(Collected data)
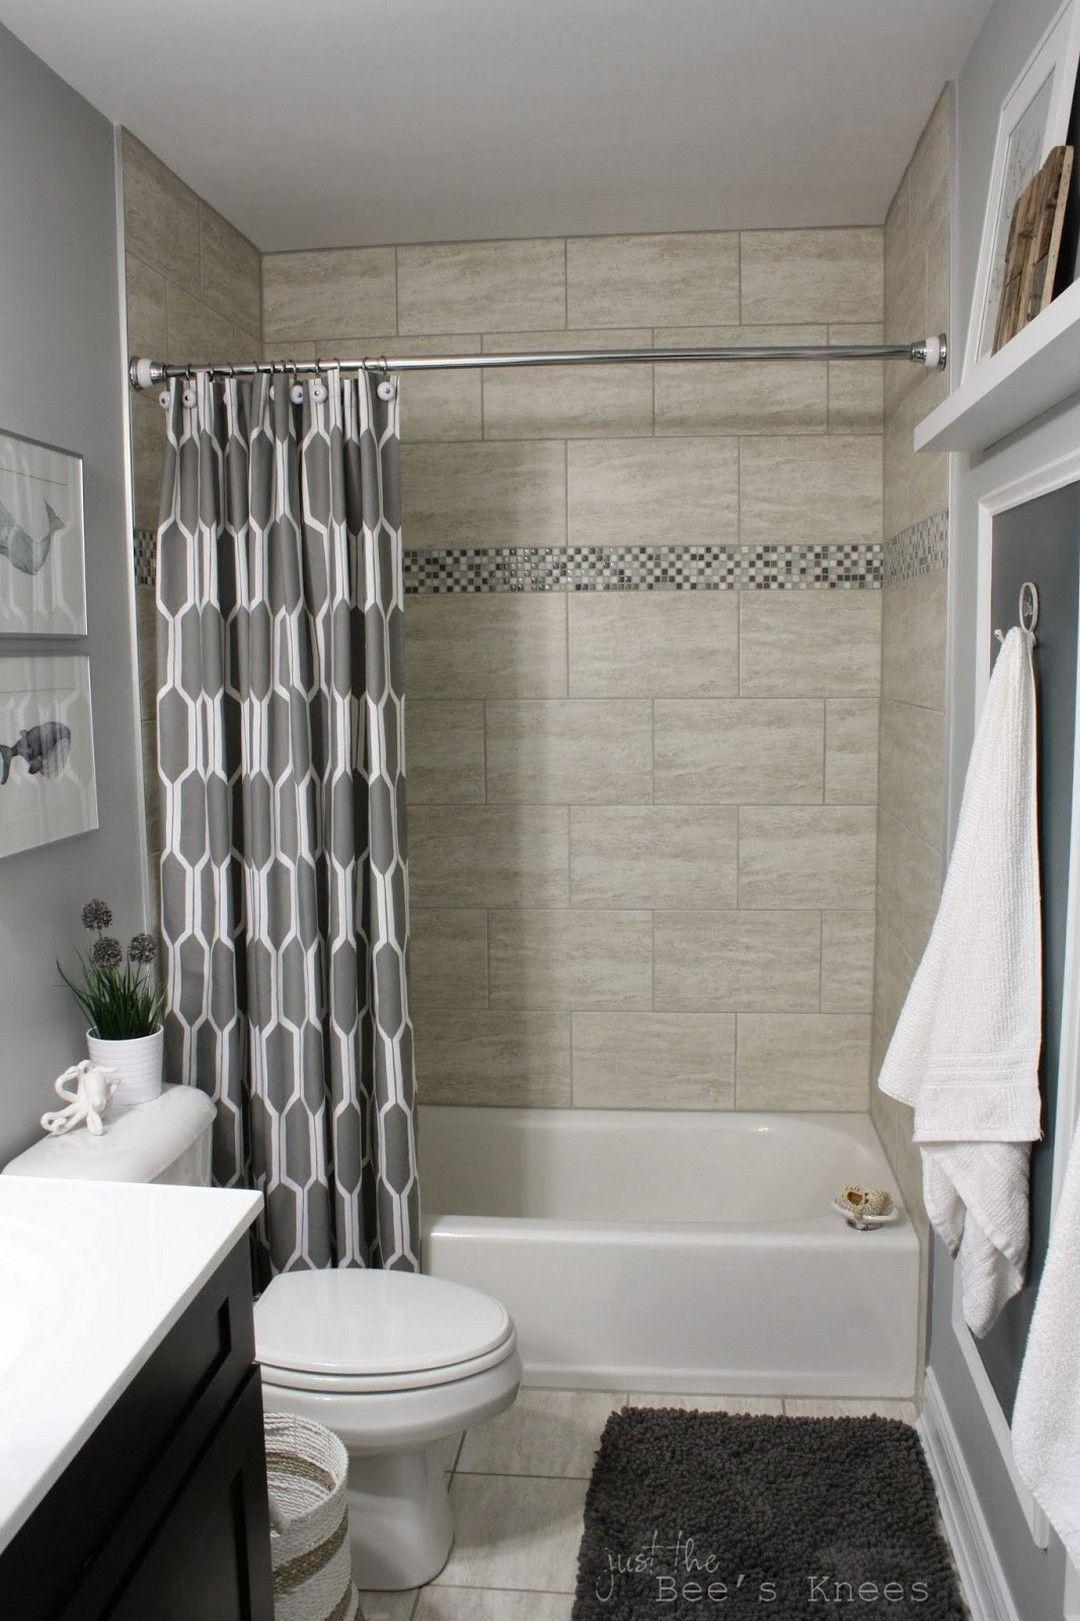 Low Ceiling Basement Bathroom 1. Guest Bathroom 1
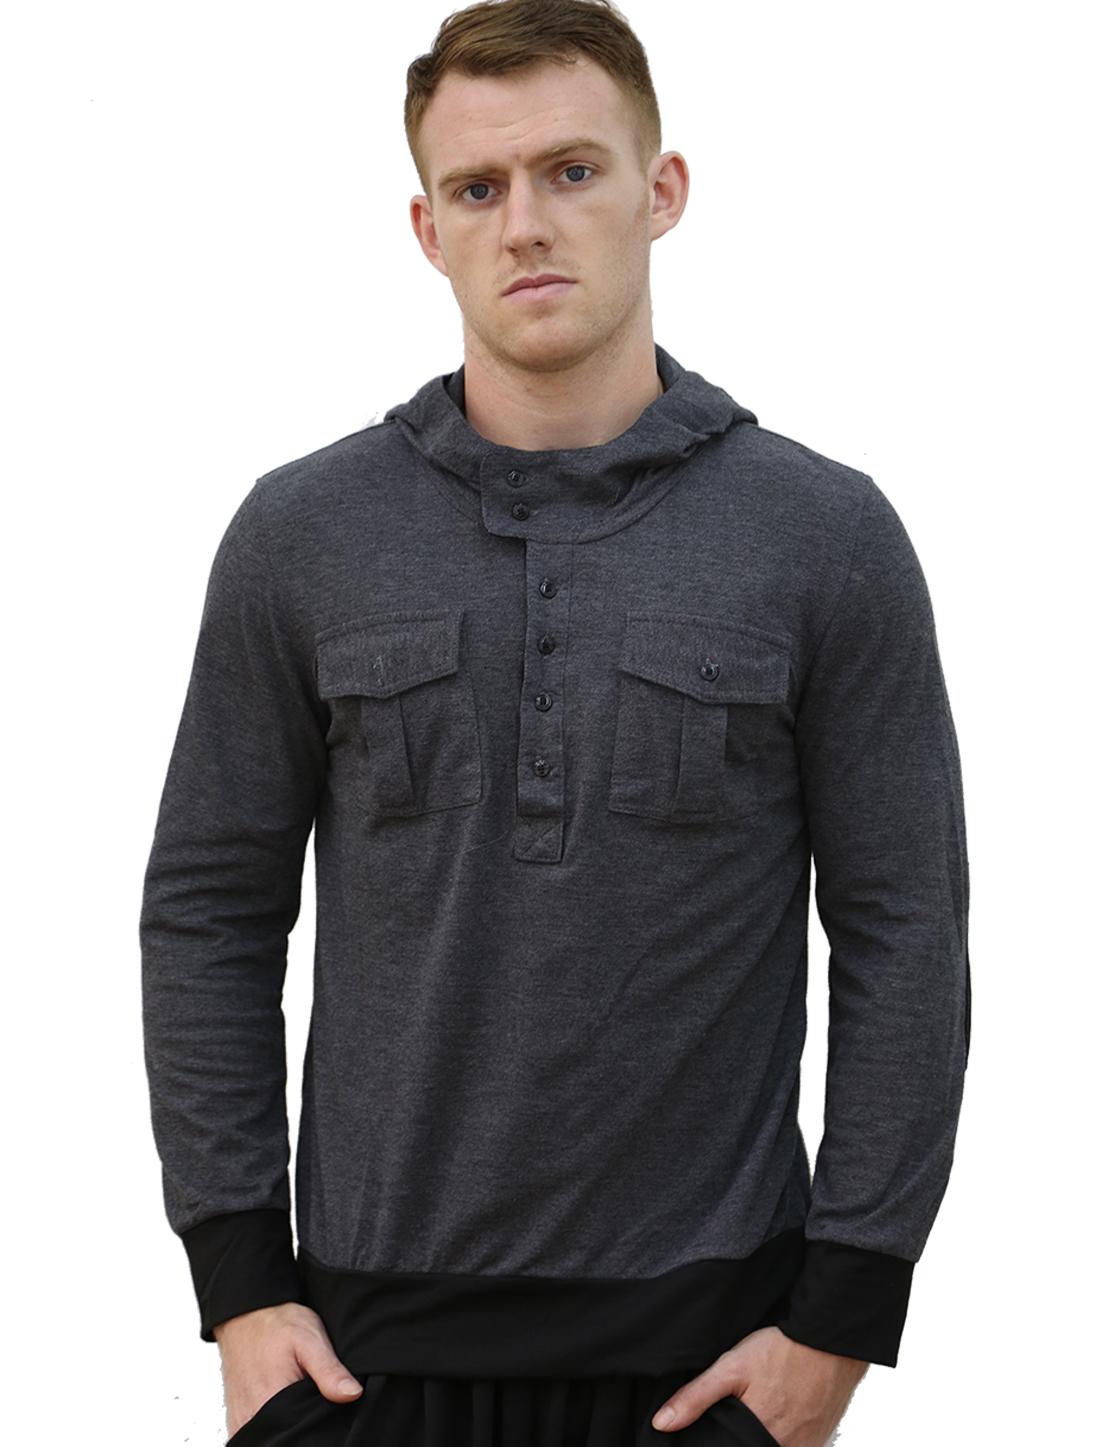 Men Long Sleeve Buttoned Pockets Slim Fit Hoodie T-Shirt Tee Dark Gray M
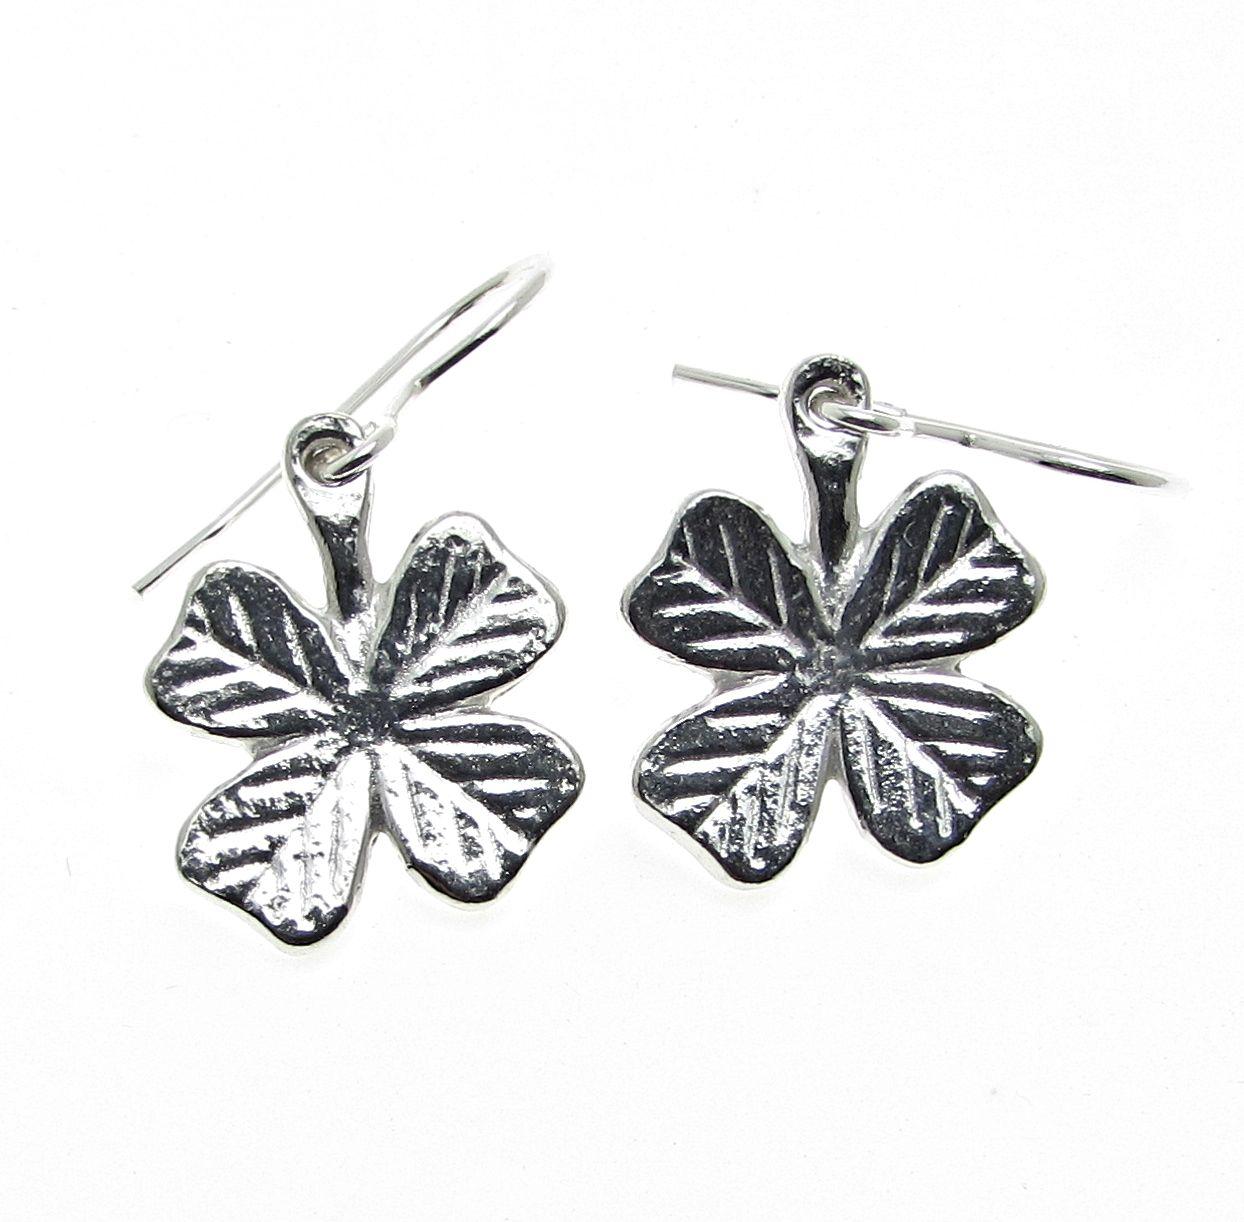 4 leaf clover earrings cast in Cornish tin
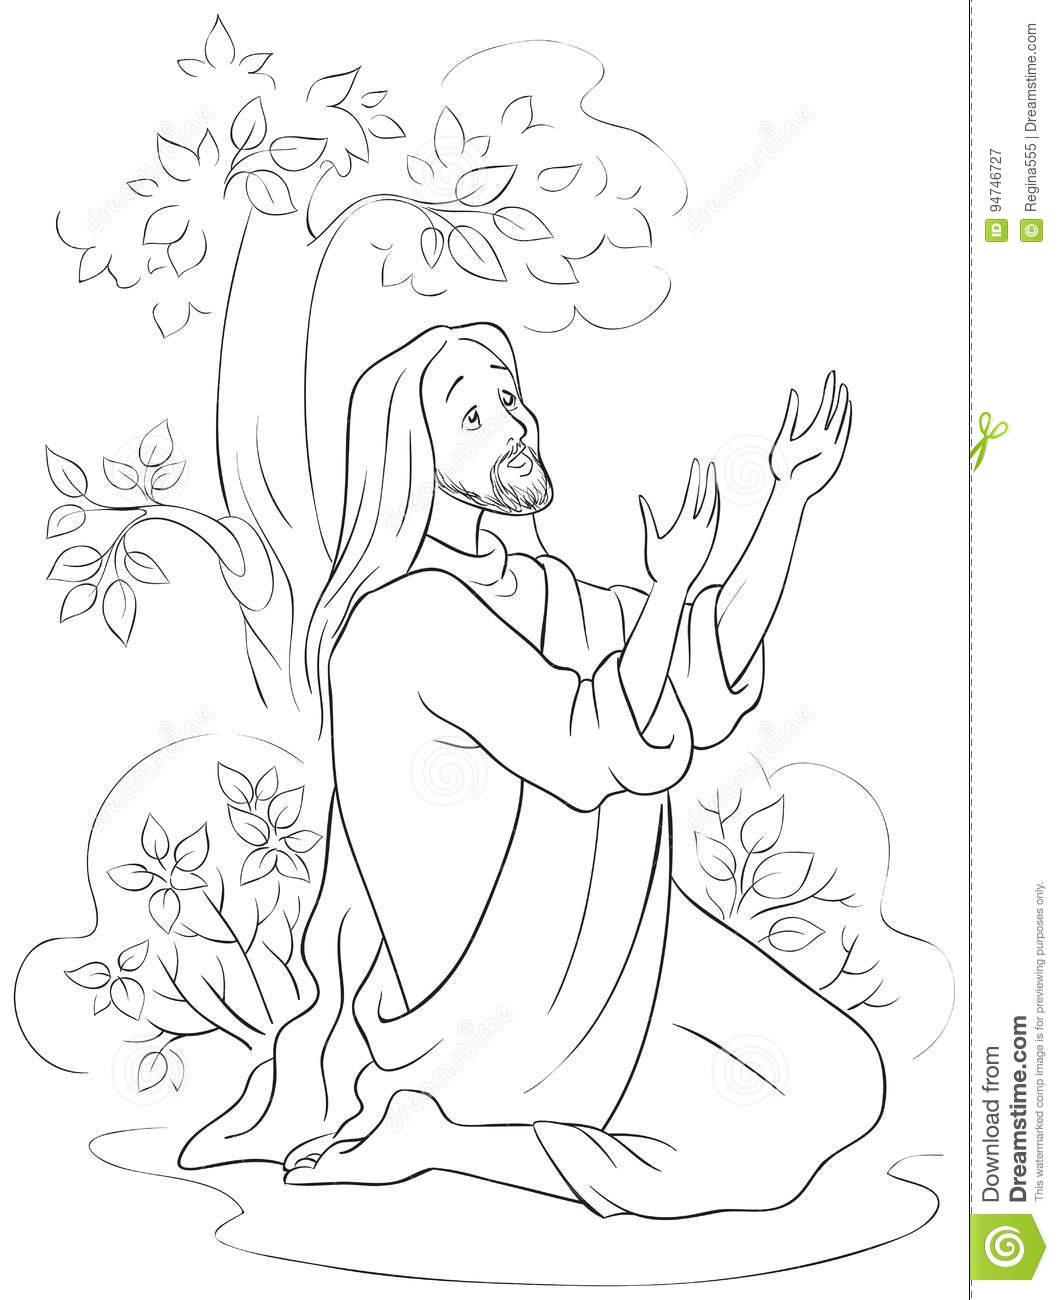 garden of gethsemane coloring pictures 8 best images about bible garden of gethsemane on pictures of gethsemane garden coloring
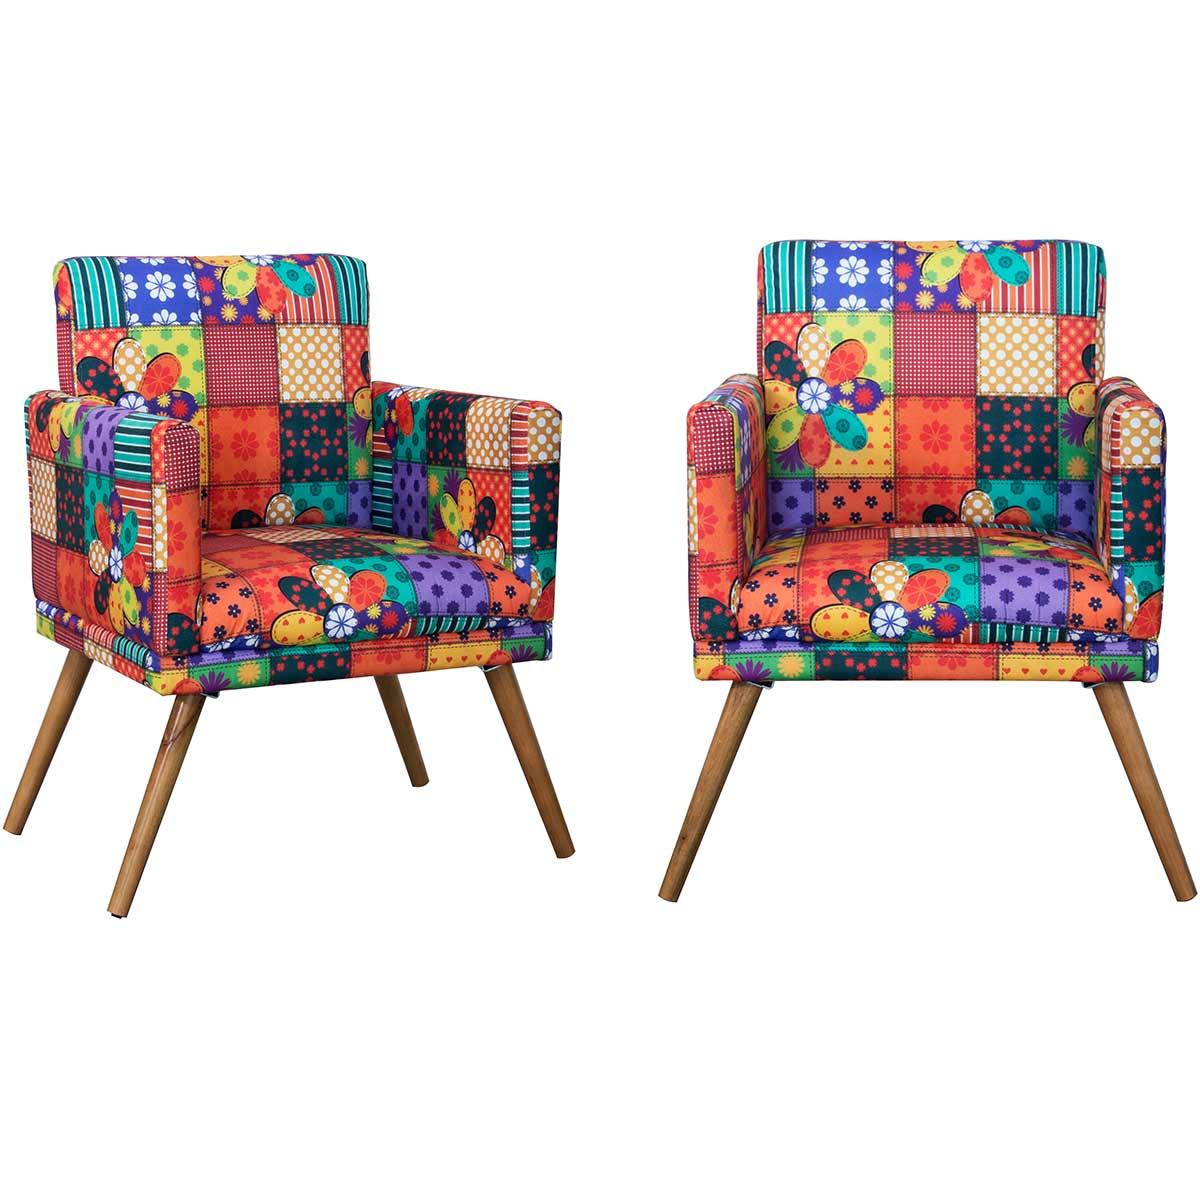 Kit 2 Poltronas Decorativas New Nina Pé Palito Primavera

Assignment:
Please return only the lines from the one holding "4 leaf clover earrings cast in Cornish tin" through the end of the data, both ends included; do not copy any pictures.

Solution:
 4 leaf clover earrings cast in Cornish tin
 garden of gethsemane coloring pictures 8 best images about bible garden of gethsemane on pictures of gethsemane garden coloring
 Kit 2 Poltronas Decorativas New Nina Pé Palito Primavera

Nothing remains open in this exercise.